Contraceptive pill could be making you go bald, says doctor

‘Young women are suffering an epidemic of hair loss’

bald baldness contraception contraceptive hair loss health pill

Girls on the pill are at risk of going bald, a doctor has warned.

A leading scientist has claimed women are unaware they might be losing hair because of contraceptive pills.

Dr. Lara Briden, a leading hormone expert and naturopath, told the Daily Mail: “Young women are suffering an epidemic of hair loss, and it’s time for some straight-talk about why it’s happening.

“My patients are losing piles of hair – they see it on their brushes, and they see it all over the floor and they’re not imagining things.

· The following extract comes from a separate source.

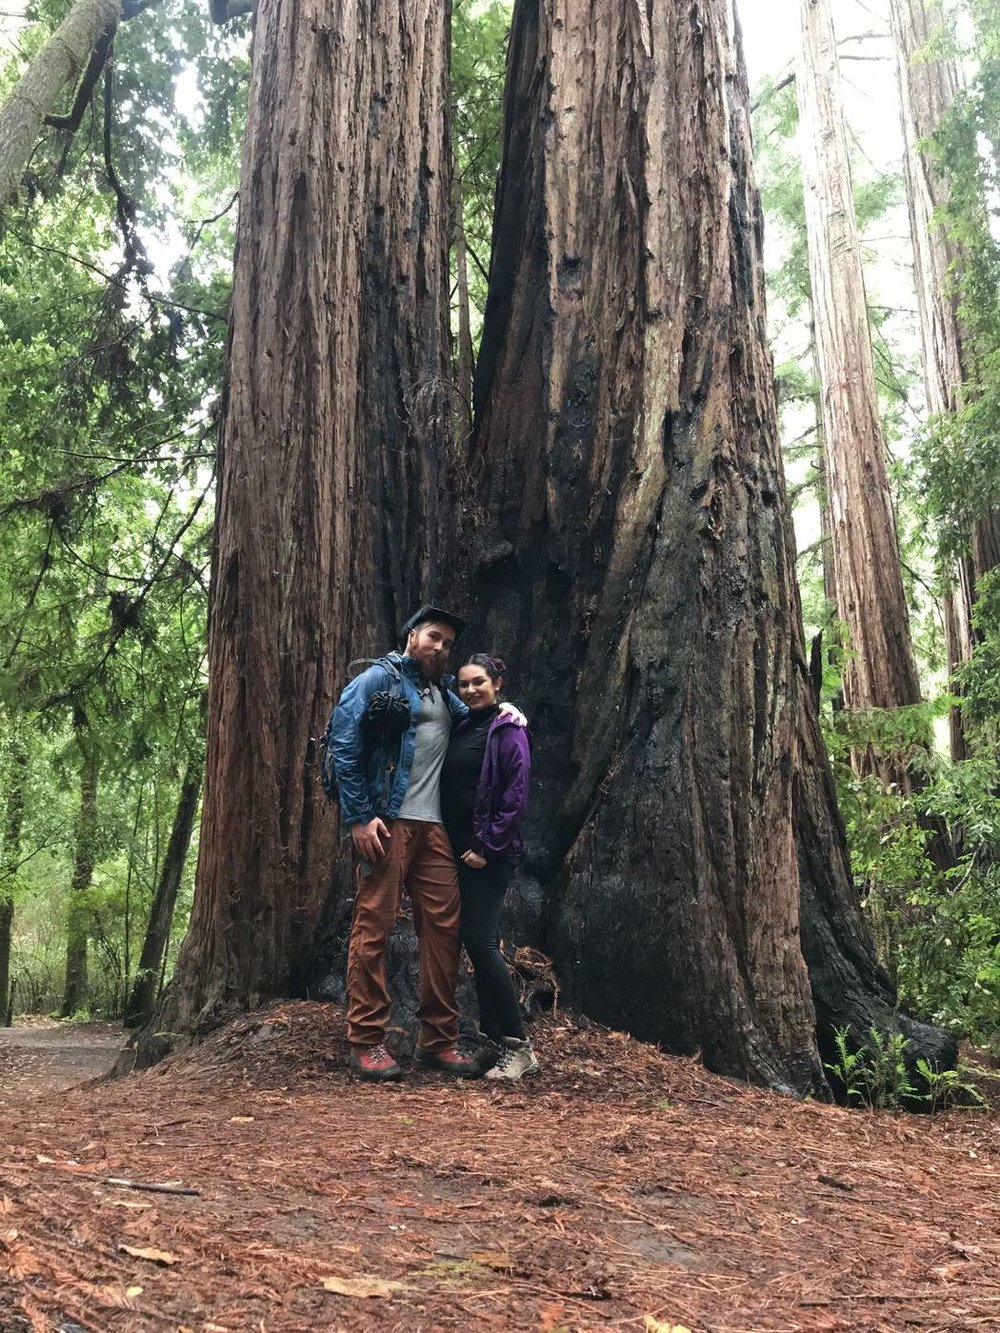 Hiking among the Redwoods

“Their hair parts are growing wider and wider, and their ponytails are growing smaller and smaller.

“Previous generations did not suffer the epidemic of female hair loss we’re seeing now.

“The thing that has changed is that more women today use more hormonal birth control, and they’ve started it at a younger age.”

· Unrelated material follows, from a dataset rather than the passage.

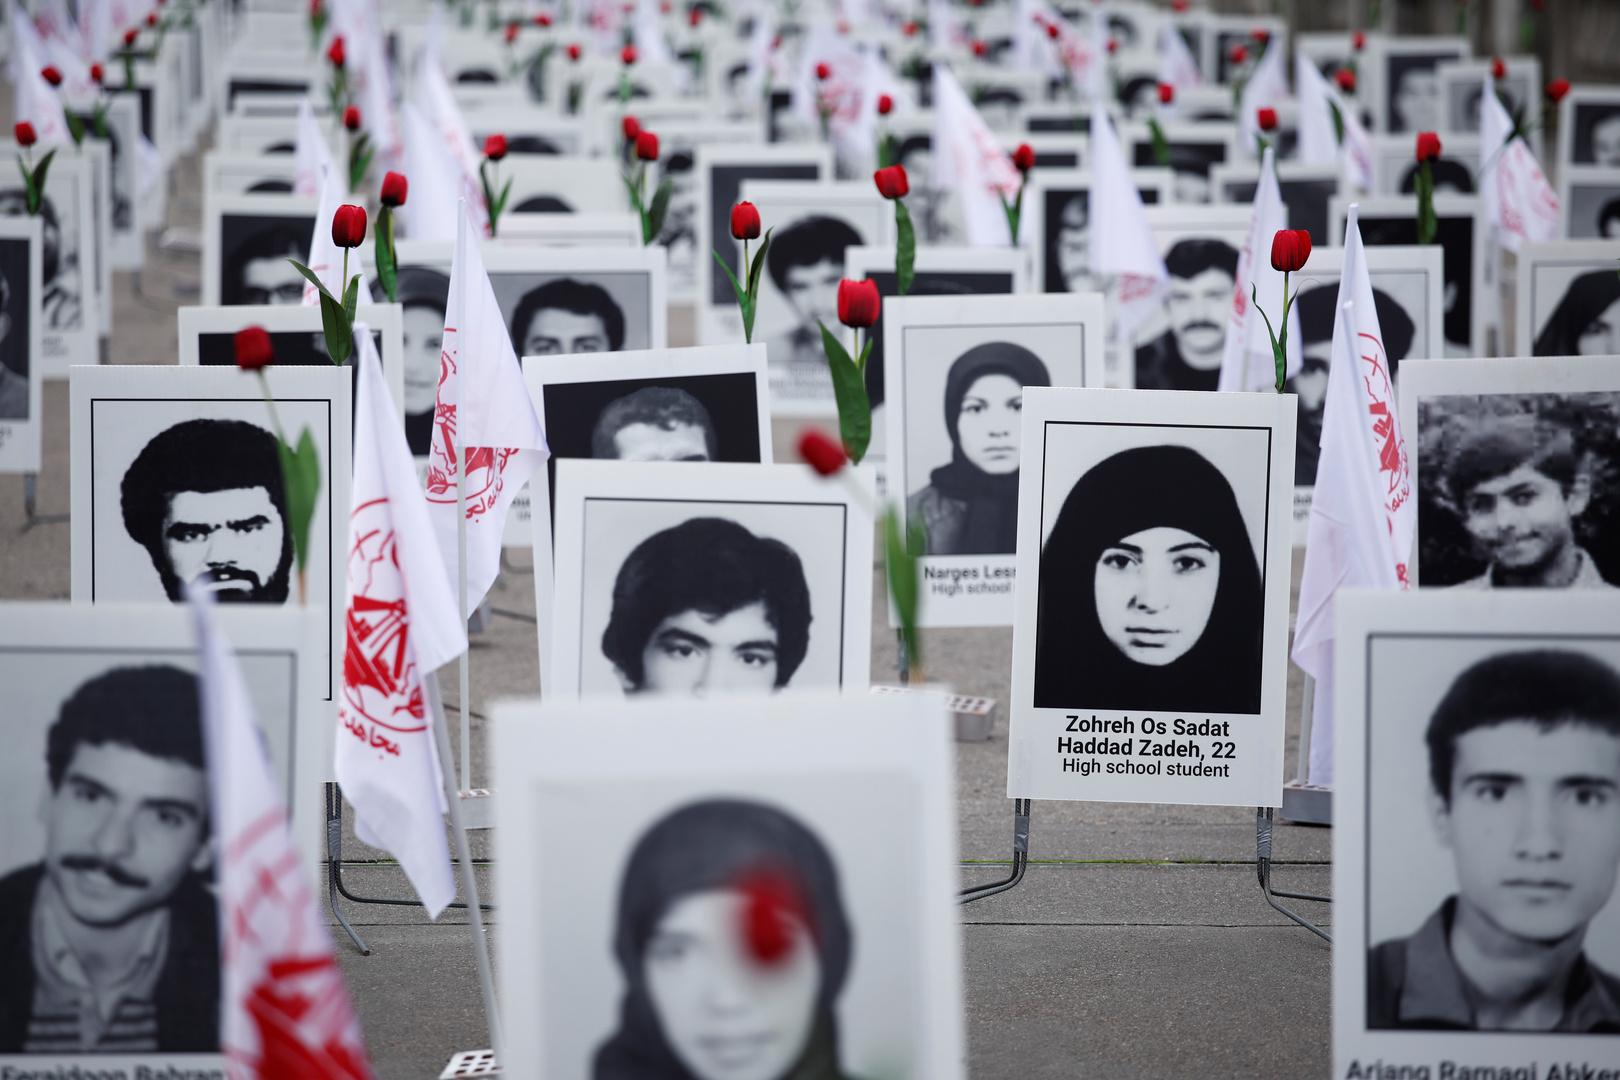 معرض تذكاري لسجناء سياسيين إيرانيين نظمته جماعة

Dr. Briden attributes this loss of hair to young women’s use of birth control pills. She said: “Birth control causes hair loss if it contains a progestin – a synthetic version of progesterone – with a high androgen index.

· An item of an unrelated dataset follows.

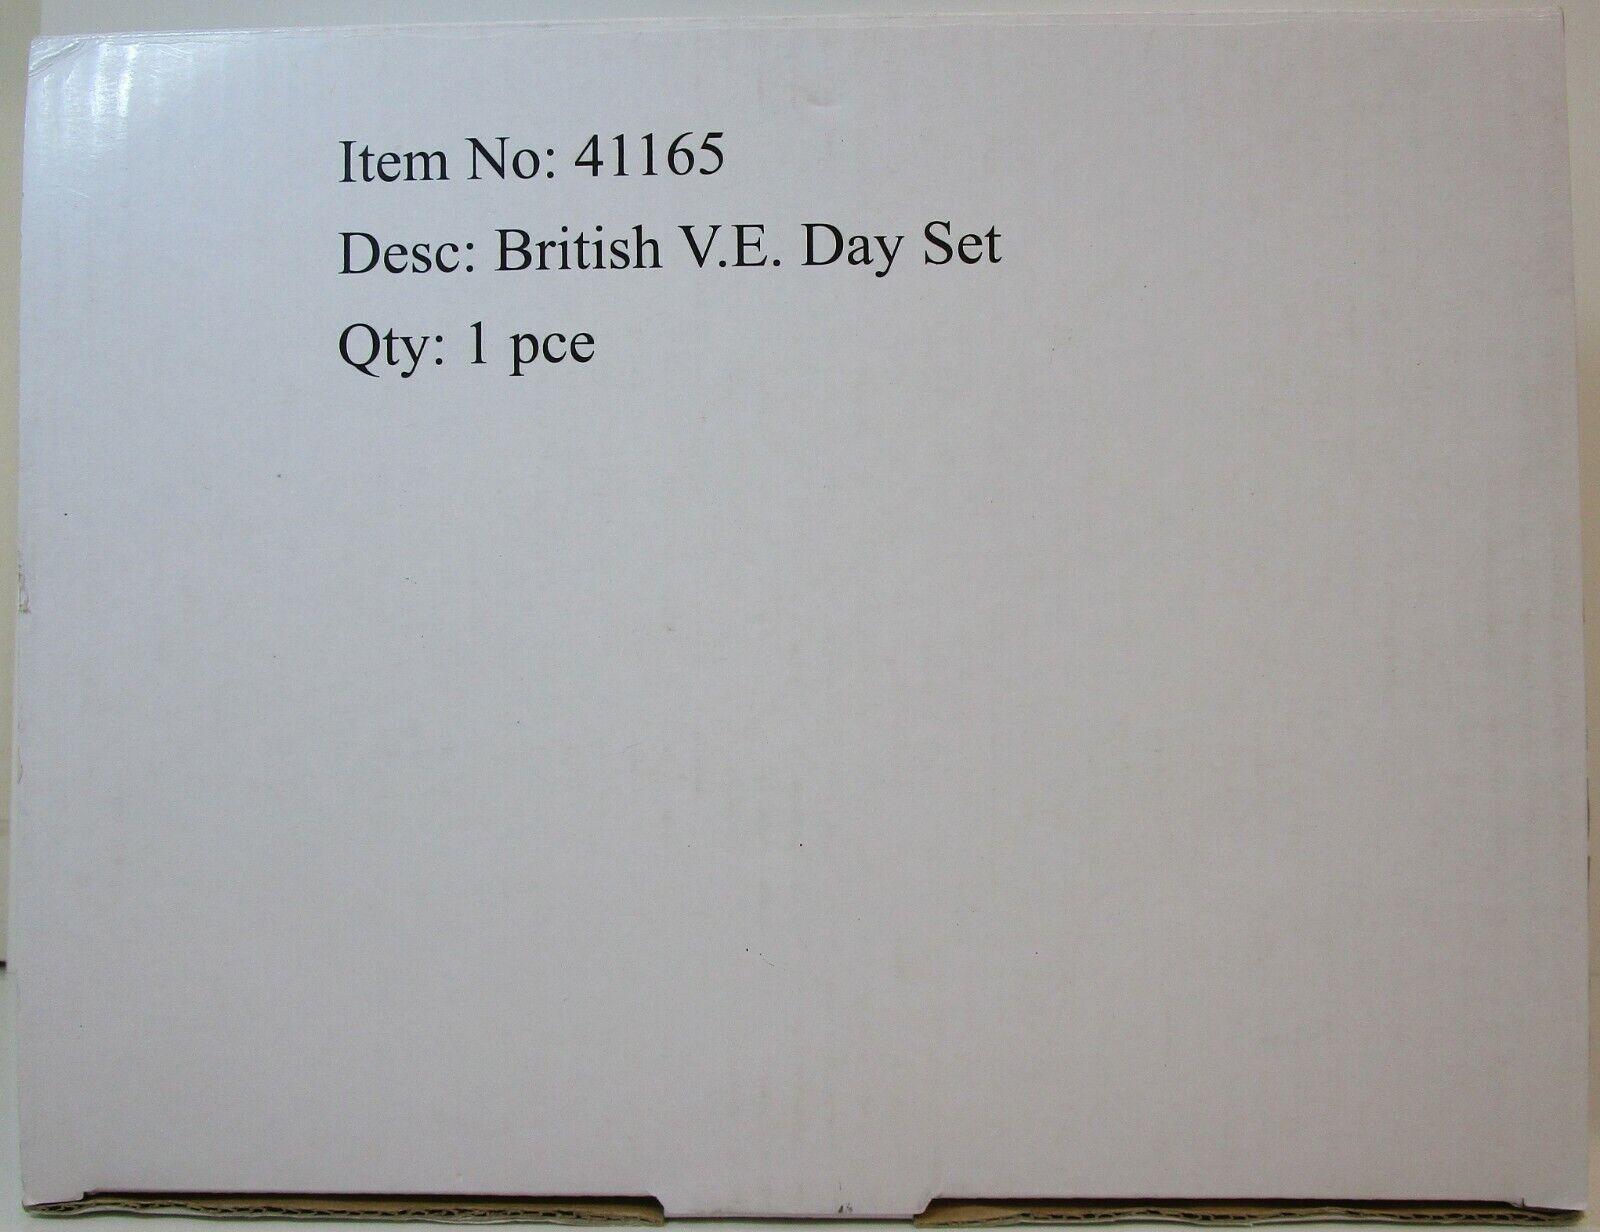 William Britain - 41165 - Collectors Club Edition - V.E. Day Set - Diecast.

“Progestins with a high androgen index act like testosterone in the body – they shrink hair follicles, so they thin hair much like testosterone does in men.

“It’s sad, and it’s such an avoidable problem. If only more women and doctors were aware of it.”

The news comes soon after warnings earlier this week that dry shampoo could be causing baldness in women.


The American Hair Loss Association weighed in on the issue in 2010, saying: “It is imperative for all women especially for those who have a history of hair loss in their family to be made aware of the potentially devastating effects of birth control pills on normal hair growth.”

This isn’t the only risk associated with the pill in recent weeks: some types can increase the user’s risk of a blood clot, with contraceptive brand Rigevadon being attributed to the death of a 21-year-old in Tamworth earlier this year.

The pill’s effectiveness has also recently been brought into question, after detox brand BooTea came under fire for failing to properly inform customers that their diet can stop the pill working entirely.

The Hair Loss Association recommends non-hormonal methods of birth control such as condoms, implants or diaphragms to avoid unwanted hair loss.